使用 RT Kernel 的调度程序中具有高优先级的程序的执行时间不一致

Question

Problem问题

We are trying to implement a program that sends commands to a robot in a given cycle time.我们正在尝试实现一个在给定的周期时间内向机器人发送命令的程序。 Thus this program should be a real-time application.因此这个程序应该是一个实时应用程序。 We set up a pc with a preempted RT Linux kernel and are launching our programs with chrt -f 98 or chrt -rr 99 to define the scheduling policy and priority.我们设置了一台带有抢占 RT Linux 内核的 PC，并使用 chrt -f 98 或 chrt -rr 99 启动我们的程序来定义调度策略和优先级。 Loading of the kernel and launching of the program seems to be fine and work (see details below).加载内核和启动程序似乎很好并且可以正常工作（请参阅下面的详细信息）。

Now we were measuring the time (CPU ticks) it takes our program to be computed.现在我们正在测量计算程序所需的时间（CPU 滴答声）。 We expected this time to be constant with very little variation.我们预计这个时间是恒定的，变化很小。 What we measured though, were quite significant differences in computation time.但是，我们测量的是计算时间的显着差异。 Of course, we thought this could be undefined behavior in our rather complex program, so we created a very basic program and measured the time as well.当然，我们认为这可能是我们相当复杂的程序中未定义的行为，因此我们创建了一个非常基本的程序并测量了时间。 The behavior was similarly bad.行为同样糟糕。

Question问题

Why are we not measuring a (close to) constant computation time even for our basic program?为什么即使对于我们的基本程序，我们也没有测量（接近）恒定的计算时间？
How can we solve this problem?我们如何解决这个问题？

Environment Description环境描述

First of all, we installed an RT Linux Kernel on the PC using this tutorial .首先，我们使用本教程在 PC 上安装了 RT Linux Kernel。 The main characteristics of the PC are: PC的主要特点是：

PC Characteristics电脑特性	Details细节
CPU中央处理器	Intel(R) Atom(TM) Processor E3950 @ 1.60GHz with 4 cores Intel(R) Atom(TM) 处理器 E3950 @ 1.60GHz 4 核
Memory RAM内存 RAM	8 GB 8 GB
Operating System操作系统	Ubunut 20.04.1 LTS乌布努特 20.04.1 LTS
Kernel核心	Linux 5.9.1-rt20 SMP PREEMPT_RT Linux 5.9.1-rt20 SMP PREEMPT_RT
Architecture建筑学	x86-64 x86-64

Tests测试

The first time we detected this problem was when we were measuring the time it takes to execute this "complex" program with a single thread.我们第一次发现这个问题是在我们测量用单线程执行这个“复杂”程序所需的时间时。 We did a few tests with this program but also with a simpler one:我们用这个程序做了一些测试，但也用了一个更简单的：

The CPU execution times CPU 执行次数
The wall time (the world real-time)墙上时间（世界实时）
The difference (Wall time - CPU time) between them and the ratio (CPU time / Wall time).它们之间的差异（Wall time - CPU time）和比率（CPU time / Wall time）。

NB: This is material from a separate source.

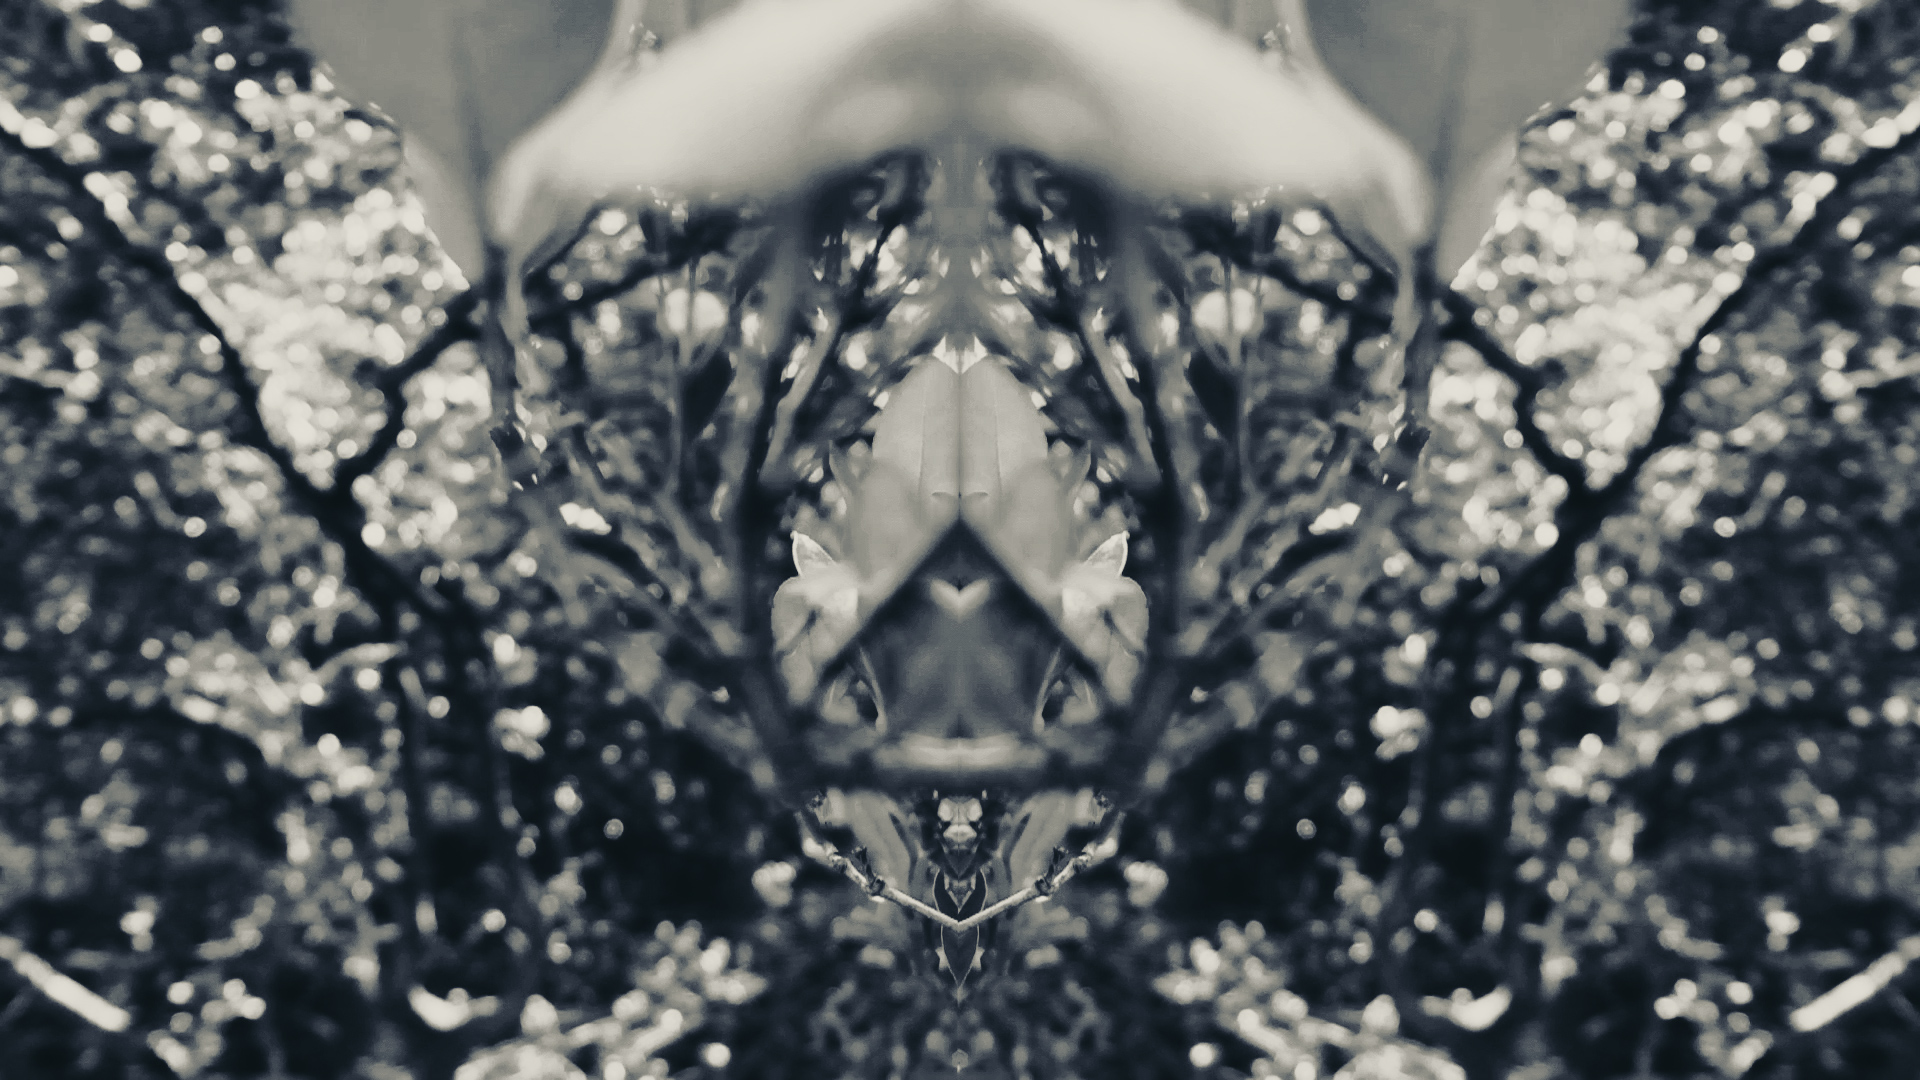 A black and white picture of mangroves mirrored to create a kaleidoscopic effect

We also did a latency test on the PC.我们还在 PC 上进行了延迟测试。

Latency Test延迟测试

For this one, we followed this tutorial , and these are the results:对于这一点，我们遵循了本教程，结果如下：

Latency Test Generic Kernel延迟测试通用内核

Latency Test RT Kernel延迟测试 RT 内核

The processes are shown in htop with a priority of RT进程显示在 htop 中，优先级为 RT

Test Program - Complex测试程序 - 复杂

We called the function multiple times in the program and measured the time each takes.我们在程序中多次调用该函数并测量每次所花费的时间。 The results of the 2 tests are: 2次测试的结果是：

From this we observed that:由此我们观察到：

The first execution (around 0.28 ms) always takes longer than the second one (around 0.18 ms), but most of the time it is not the longest iteration.第一次执行（大约 0.28 毫秒）总是比第二次（大约 0.18 毫秒）花费更长的时间，但大多数时候它不是最长的迭代。
The mode is around 0.17 ms.模式约为 0.17 ms。
For those that take 17 ms the difference is usually 0 and the ratio 1. Although this is not exclusive to this time.对于那些需要 17 毫秒的时间，差异通常为 0，比率为 1。虽然这不是这次独有的。 For these, it seems like only 1 CPU is being used and it is saturated (there is no waiting time).对于这些，似乎只使用了 1 个 CPU 并且已经饱和（没有等待时间）。
When the difference is not 0, it is usually negative.当差值不为 0 时，通常为负数。 This, from what we have read here and here , is because more than 1 CPU is being used.从我们在这里和这里读到的内容来看，这是因为使用了超过 1 个 CPU。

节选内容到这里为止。